For your amusement

Hello,

In order to parse ixml with my parser, I have to do a little bit of
rule-rewriting. I need to turn optionality and repetition into new
nonterminals so that all of the rules have the form:

  nonterminal: seqence, of, terminals, and, nonterminals.

I also allow repeated definitions for the same nonterminal to represent
alternatives.

For example:

  chapter: para+.

might become

  chapter: paraplus.
  -paraplus: para, parastar.
  -parastar: para, parastar.
  -parastar: para.

(I did that rewrite in my head, I make no claims that it’s either
optimal or even correct.)

This is of no interest to the user, of course, because it all happens
automatically.

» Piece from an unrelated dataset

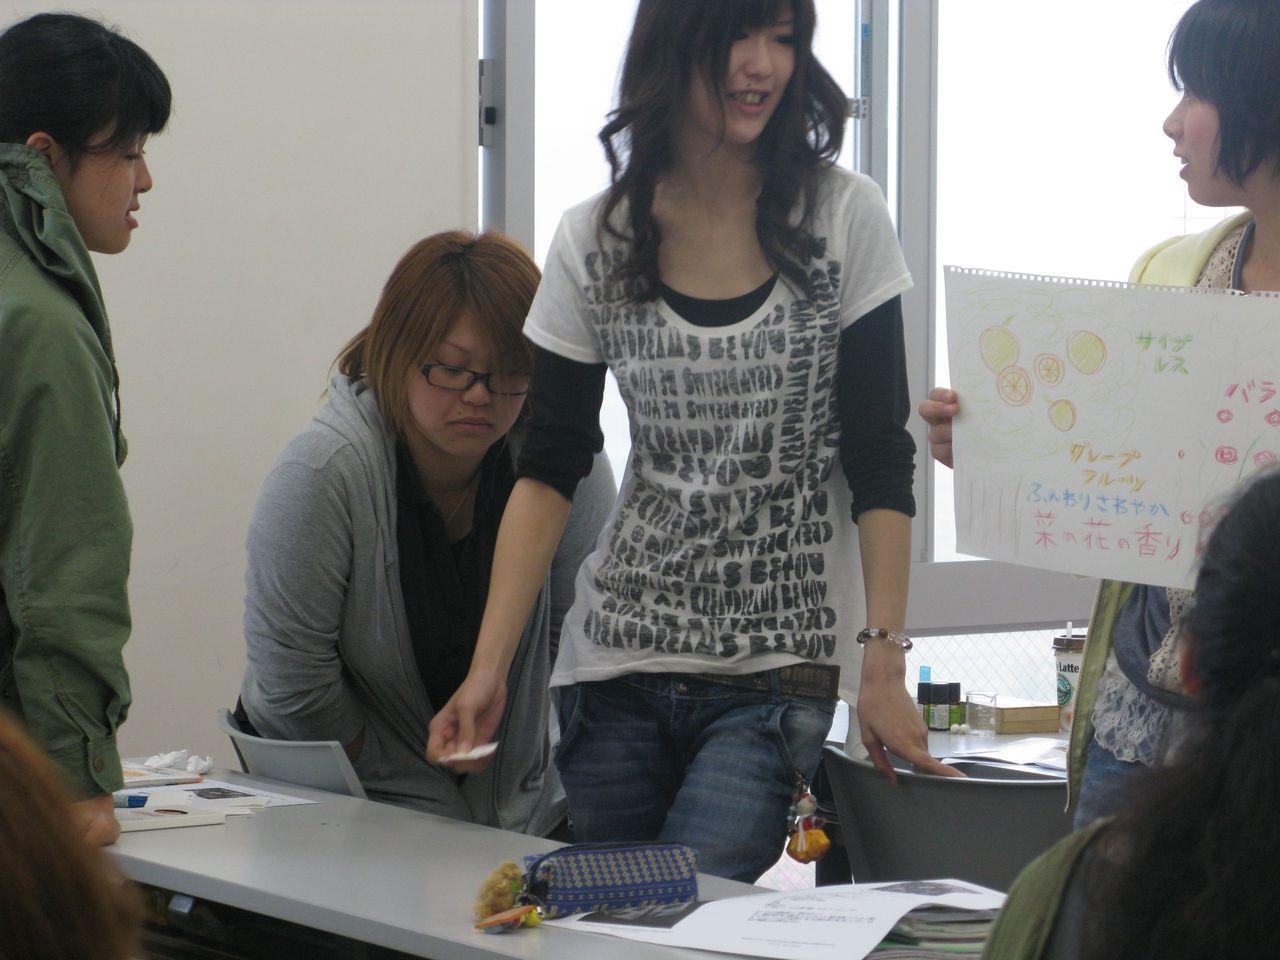 神戸夙川学院大学アロマテラピー講義・菜の花の香りやんなあ

And it has no impact on the ixml output because the
generated nonterminals are all marked “-”, they produce nothing.

I say all of this only because, as a consequence of this rewriting, the
“raw” results that I get from parsing an ixml grammar look a little
weird.

Nevertheless, for your amusement, in all it’s ~10,000 node glory, here
is an SVG diagram of the shared packed parse forest (SPPF) of the text
of the ixml grammar (with most occurrences of insiginficant whitespace
removed) parsed with ixml:

  https://nwalsh.com/scratch/sppf/ixml.svg

That’s sort of goofy and I doubt it’s useful. It take about 3.5 seconds
for my implementation to produce the parse and it takes graphviz about
100 seconds to draw it. So I win. :-)

Here’s a simple grammar for arithmetic expressions (in a slightly
different BNF format, apologies):

Sum => Sum, ["+";"-"], Product
Sum => Product
Product => Product, ["*";"/"], Factor
Product => Factor
Factor => '(', Sum, ')'
Factor => Number
Number => ["0"-"9"], Number
Number => ["0"-"9"]

The SPPF representation of a parse of “1+(2*3-4)” with that grammar is a
little easier to read:

  https://nwalsh.com/scratch/sppf/sum.svg

Each node in the graph is labelled with either a symbol or the partially
completed Earley state that it represents. The numbers following the
label are the range of characters that it spans. The extra intermediate
nodes in the graph are added to limit its size.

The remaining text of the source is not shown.